Work to be completed - With the pictures omitted, write out all of the listing exactly.

Raw data -
_ _ _ _ _ _ _

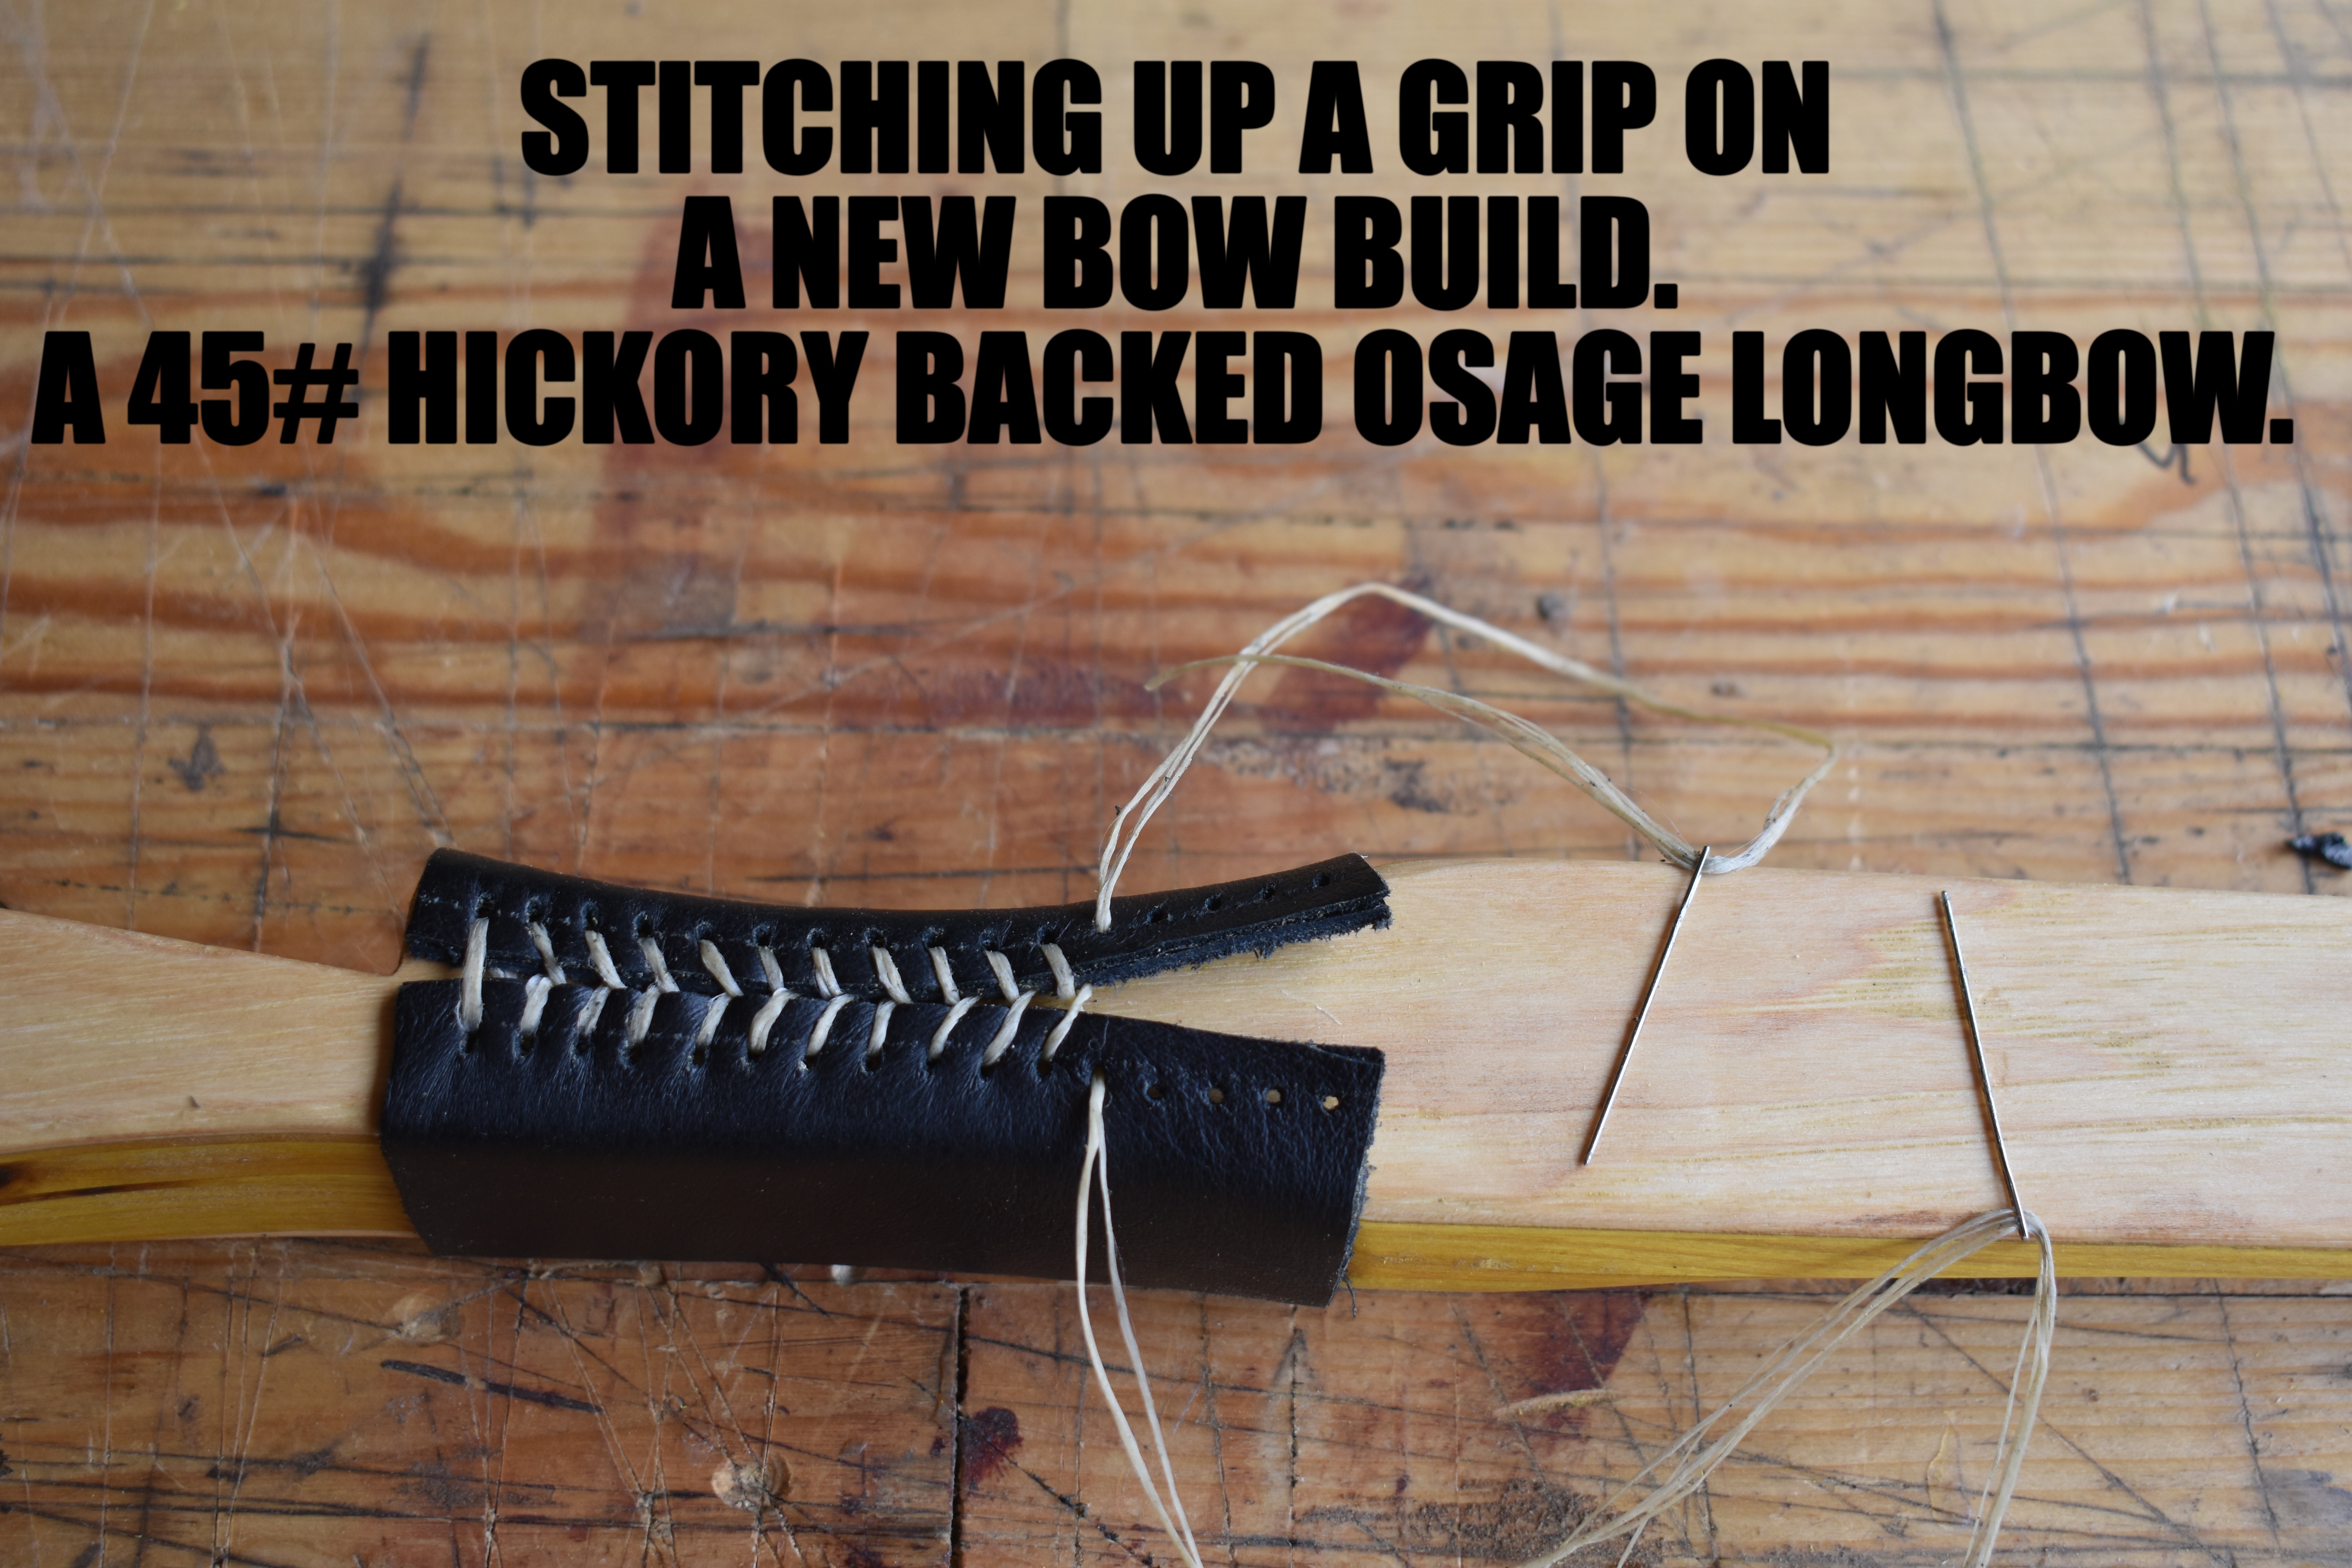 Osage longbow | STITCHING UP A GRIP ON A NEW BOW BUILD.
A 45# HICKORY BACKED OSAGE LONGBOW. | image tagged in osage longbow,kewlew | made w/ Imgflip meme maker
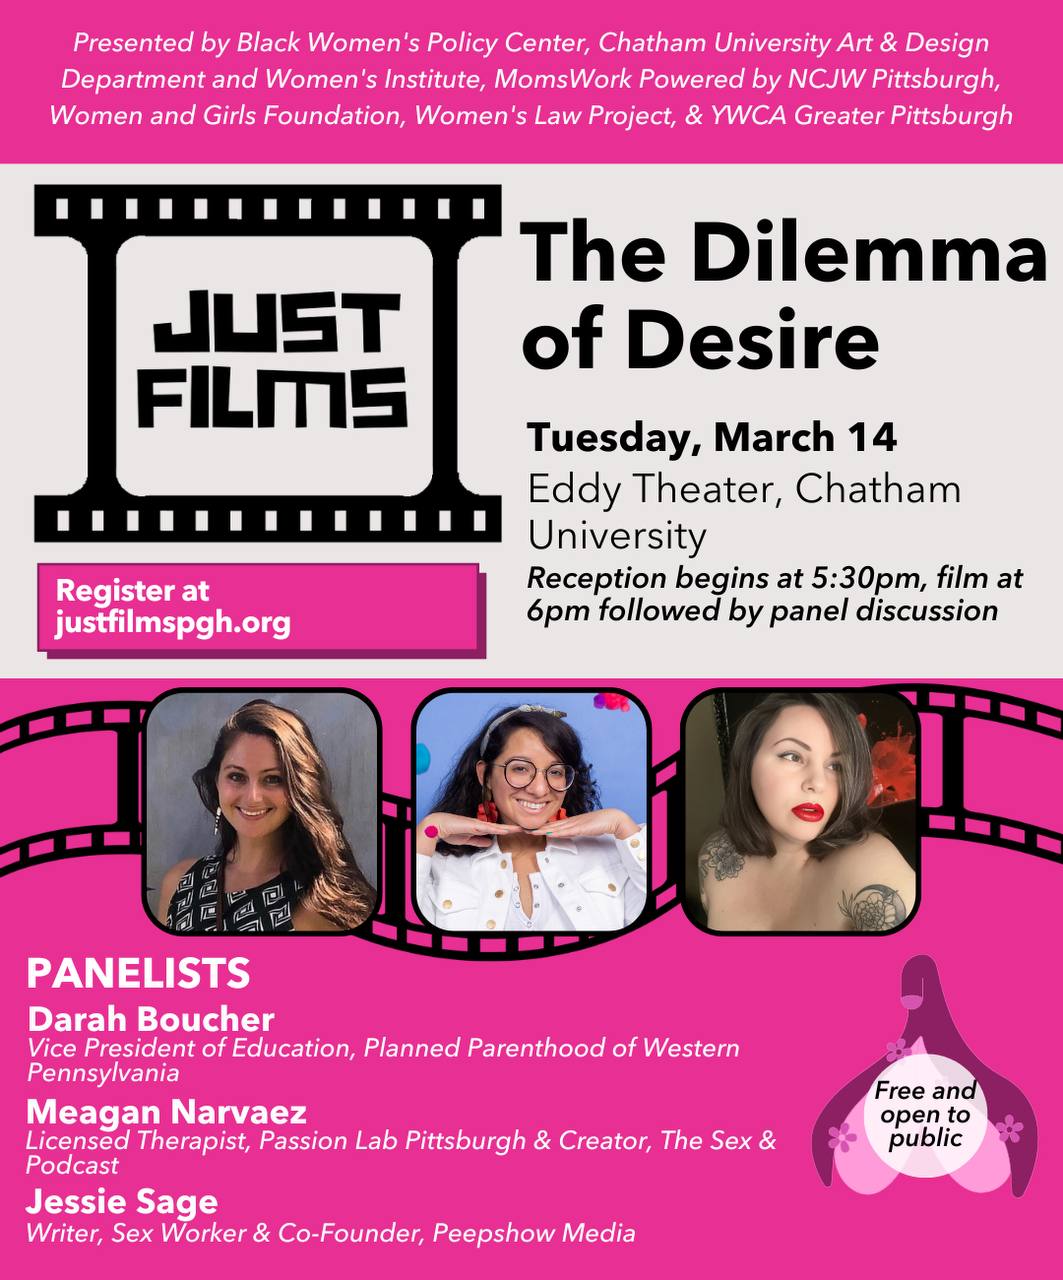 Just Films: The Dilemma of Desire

_ _ _ _ _ _ _

Output -
 Osage longbow | STITCHING UP A GRIP ON A NEW BOW BUILD.
A 45# HICKORY BACKED OSAGE LONGBOW. | image tagged in osage longbow,kewlew | made w/ Imgflip meme maker
 Just Films: The Dilemma of Desire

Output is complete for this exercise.